## Saturday, 17 March 2012

### Projectile

If a body is thrown up in the air such that it deviates from simple one dimensional motion, it is termed a projectile. The analysis of motion associated with a projectile is known as projectile motion The path followed by a projectile is called its trajectory, which is directly influenced by gravity.
The initial velocity v0 can be written as

$v_0=v_{0x}\mathbf{i} + v_{0y}\mathbf{j}$
The components v0x and v0y can be found if the angle θ0 is known:
$v_{0x}=v_0\cos\theta_0$
and
$v_{0y}=v_0\sin\theta_0$
The horizontal motion and the motion are independent of each other ; that is, neither motion affects the other.
Since there is no acceleration in the horizontal direction, the horizontal component of the velocity remains unchanged throughout the motion.
The vertical motion is the motion of a particle in free fall. Equations for free fall apply.

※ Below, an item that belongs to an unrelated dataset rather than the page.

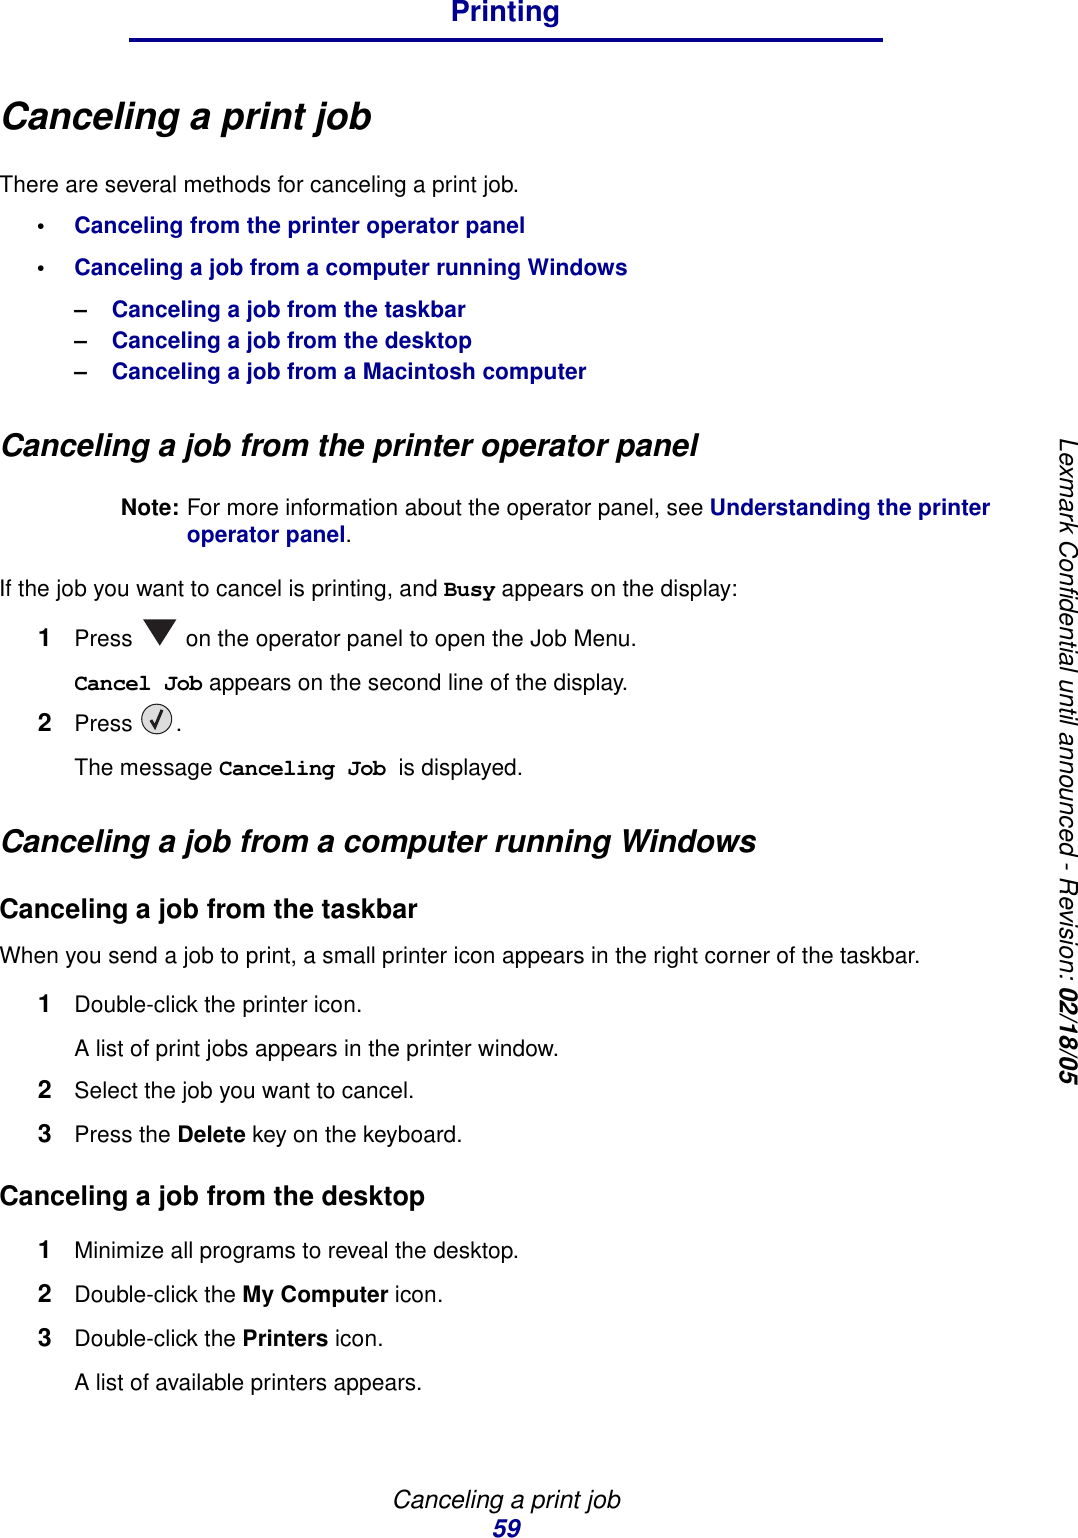 Canceling a print job59PrintingLexmark Confidential until announced - Revision: 02/18/05Canceling a print jobThere are several methods for canceling a print job.•Canceling from the printer operator panel•Canceling a job from a computer running Windows–Canceling a job from the taskbar–Canceling a job from the desktop–Canceling a job from a Macintosh computerCanceling a job from the printer operator panelNote: For more information about the operator panel, see Understanding the printer operator panel.If the job you want to cancel is printing, and Busy appears on the display:1Press   on the operator panel to open the Job Menu.Cancel Job appears on the second line of the display.2Press .The message Canceling Job is displayed.Canceling a job from a computer running WindowsCanceling a job from the taskbarWhen you send a job to print, a small printer icon appears in the right corner of the taskbar.1Double-click the printer icon. A list of print jobs appears in the printer window.2Select the job you want to cancel.3Press the Delete key on the keyboard.Canceling a job from the desktop1Minimize all programs to reveal the desktop.2Double-click the My Computer icon.3Double-click the Printers icon.A list of available printers appears.

For example, $y-y_0=(v_0\sin\theta_0)t-\tfrac{1}{2}gt^2$. Other useful equations for the vertical y-axis are $v_y=v_0\sin\theta_0-gt$, and $v_y^2=(v_0\sin\alpha_0)^2-2g(y-y_0)$.
Eliminating t between the following two equations, $x-x_0=(v_0\cos\theta_0)t$ and $y-y_0=(v_0\sin\theta_0)t-\tfrac{1}{2}gt^2$, we obtain the equation of the path (the trajectory) of the projectile:
$y=x\tan(\theta)-\frac{x^2g}{2v^2_{0}cos^2 \theta}$
Time to reach the maximum height
$t={v_{0y}\over g}$
Time to reach ground
$t={2v_{0y}\over g}$
Displacement in X direction
$\Delta x={v_{0x}t}$
Displacement in Y direction
$\Delta y={v_{0y}t-{\tfrac{1}{2}}gt^2}$
Range of projectile
${r=\frac{v^2}{g}\sin(2\theta)}\,$
Maximum height
$y_{max}={{v^2\sin^2\theta}\over 2g}$